The whole project started as a gag while I was working at the Atari Coin Op Division. One of our colleagues, a disco freak, was compounumg his bad judgment by getting married. Such was the birth of the Synthesizer, which was used to compose our congratulatory lament, the Disco Dirge, written by Dan Pliskin, another ex-Atarian.
Some stubborness prevents me from just listing the program for you. I guess I'd rather lead you to an understanding of how to do it for yourself. I will be referring to various registers in the POKEY chip, and certain functions of the POKEY, but I will in no way describe that chip. Also, I will not be relating any of this to BASIC techniques, which are hopelessly slow for this kind of work. Nor will I discuss any sound editing techniques, but only the means of generating the musical sounds.
There are basically two major classes of sound generation used: static and dynamic. The first consists of nothing more than storing a few values to the various POKEY registers, and sitting back and listening. The capabilities of this approach are quickly exhausted. More useful, and far more interesting, are the dynamic sounds, in which the values stored to the POKEY are constantly changed during the duration of the sound. Three approaches to dynamic sound generation are:
1) Algorithmic. A short routine calculates the values to be stored. The possibilities are limited only by the imagination of the programmer.
2) Table driven. A short program keeps an index into a lookup table to determine what values are to be stored into POKEY during that time interval. New sounds can be generated very quickly by slopping some new values into the tables.
3) Interpretive. A small interpreter program reads instructions and data from a command stream, causing the sounds to be generated by a few preset rules. This method keeps the data tables short, compared to a pure table-driven approach.
Let's go over just what the Synthesizer is capable of. It has the ability to produce sound on all 4 channels of the POKEY simultaneously. The basic unit of sound is called a NOTE, since this program was intended to be primarily a music synthesizer, though it is capable of generating a wide variety of sounds. The frequency of the NOTE is specified by 8 bits which may either be a pointer into a table of frequencies, or the actual frequency itself. This is an implementation decision, and each method has its merits and drawbacks. If the actual frequency is stored, the NOTE must also specify the "noise content or distortion" value to be stored in the control register along with the "sustain" volume for each channel. Each NOTE can specify a 4-bit value for its sustain volume, and can have a duration specified by 16 bits.

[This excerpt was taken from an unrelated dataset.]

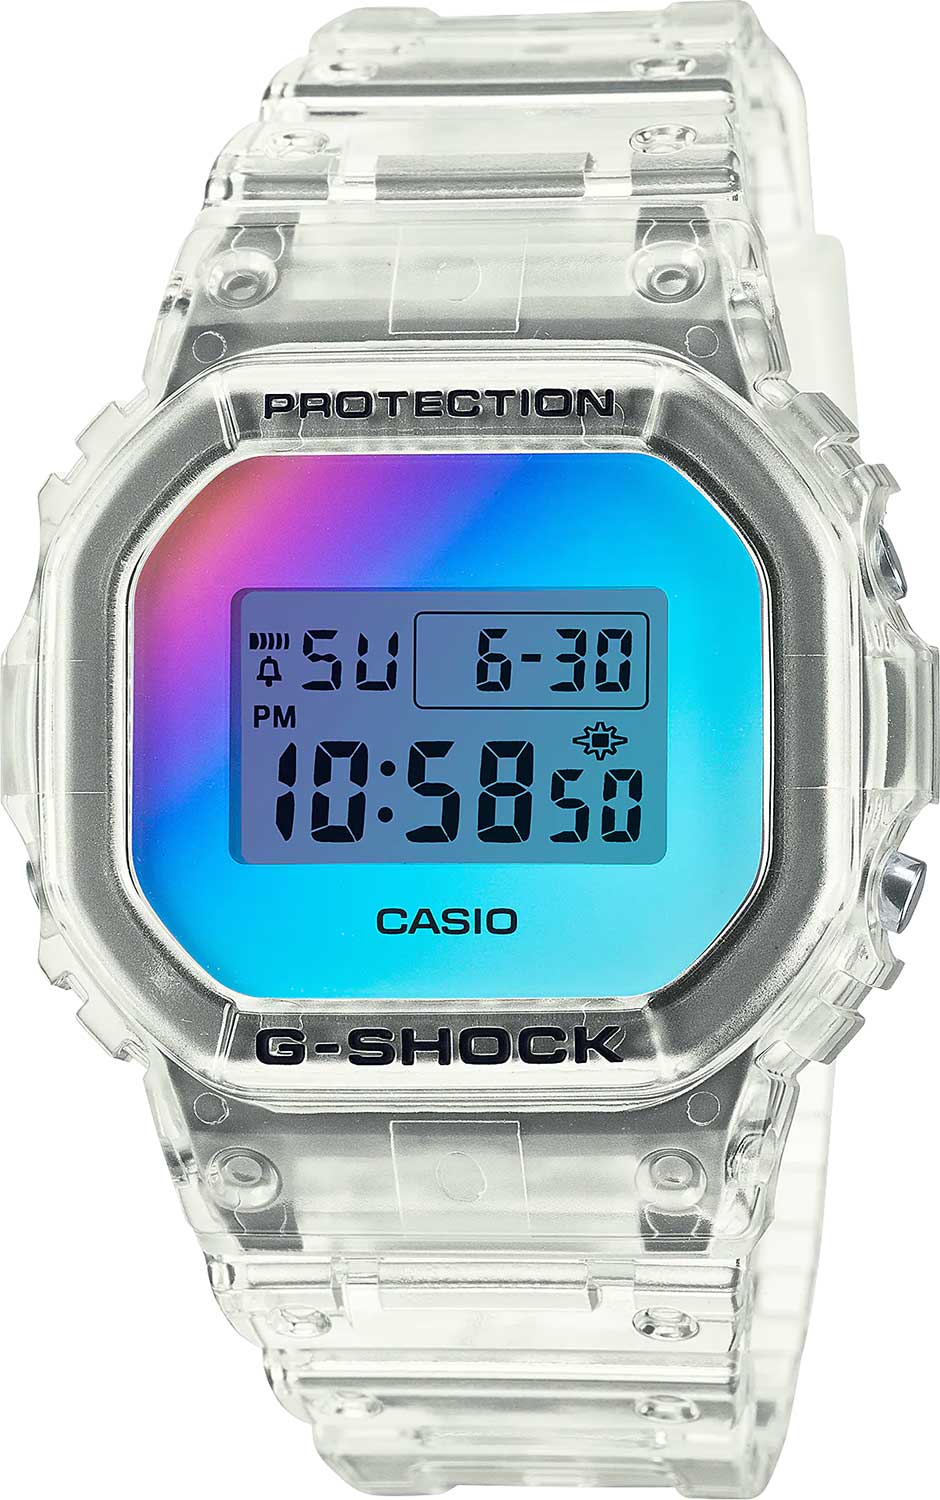    Casio G-SHOCK DW-5600SRS-7  
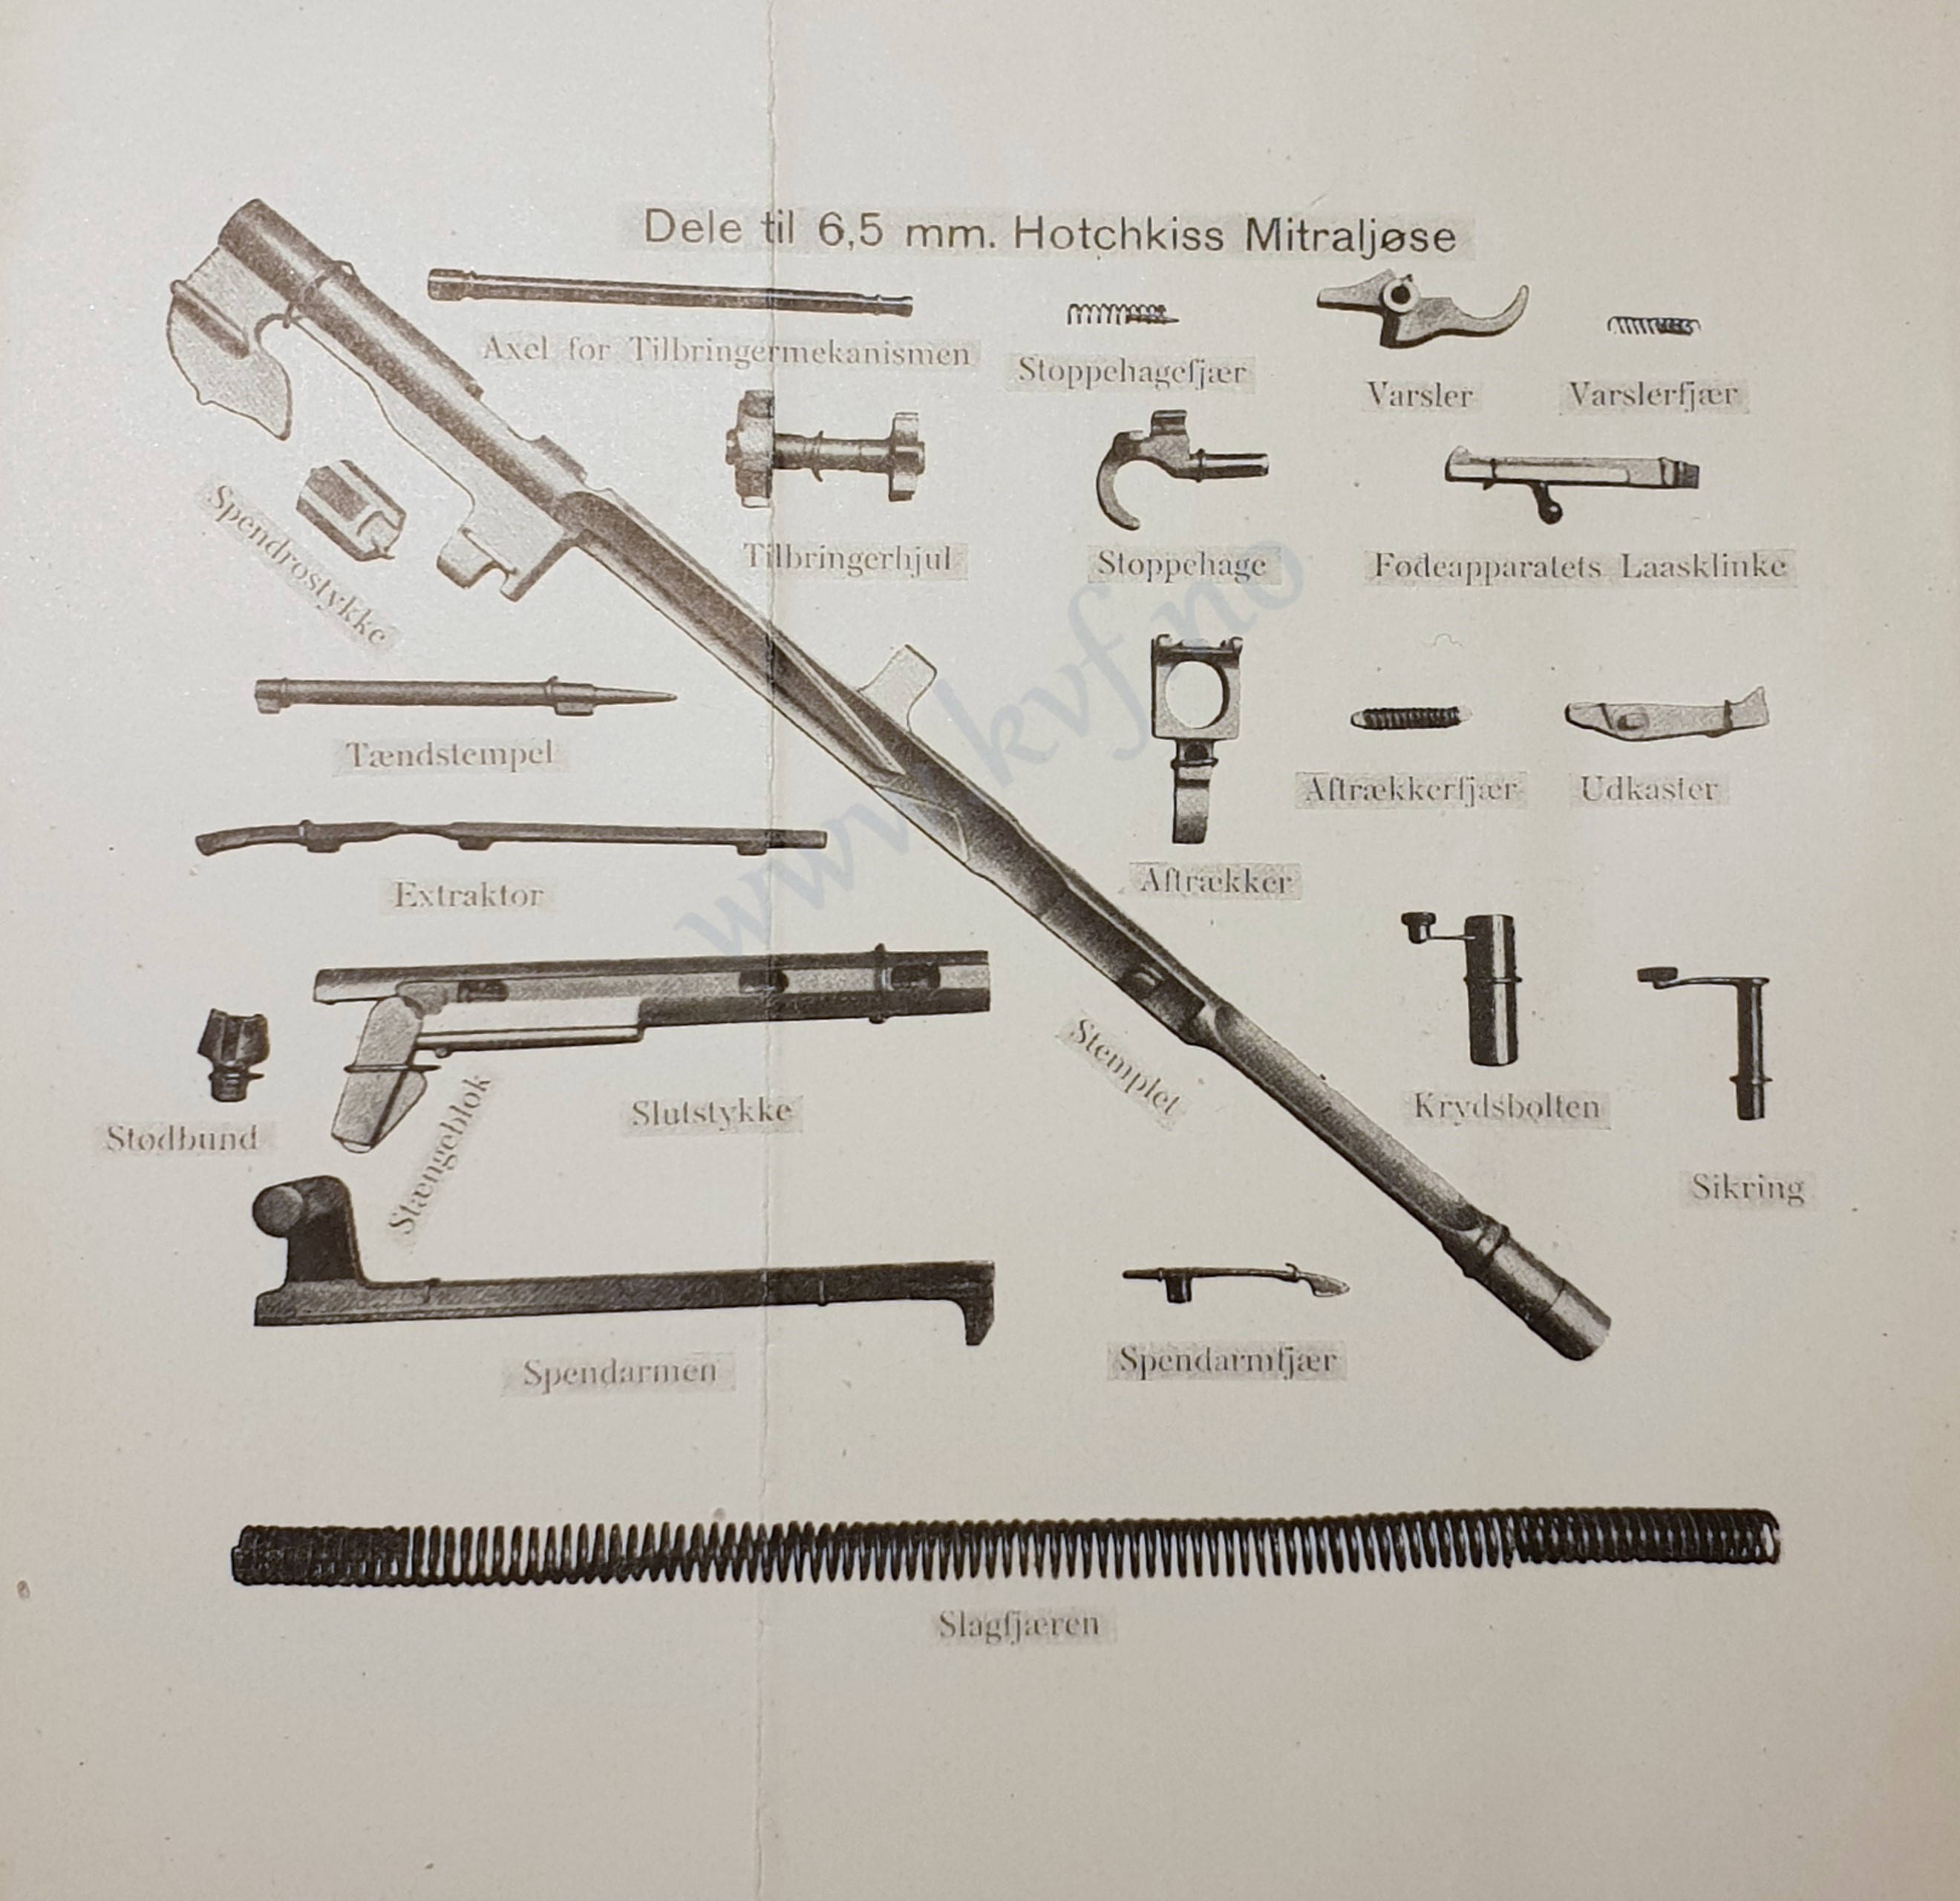 ./guns/mg/bilder/MG-Kongsberg-Hotchkiss-M98-kal65-Fra1900-1.jpg

This duration is relative to the cur rent TEMPO. The TEMPO is specified by an 8-bit value, which is used as a delay loop counter. The TEMPO can only be changed relative to its current value by a 2's complement add of any 8-bit value. Note that in versions of the Synthesizer that run during the vertical blanking interval, such as the Atari POP Demo program, the TEMPO feature is not implemented, as the tim ing interval is fixed at 60 hertz. Each channel can specify it's own current ENVELOPE table which controls the attack/decay of either amplitude, fre quency, or both. Attack and decay are not specified as rates or times, but rather as a table of digitized amplitudes during the attack/decay period. This period can cover a span of a few milli seconds to a few seconds.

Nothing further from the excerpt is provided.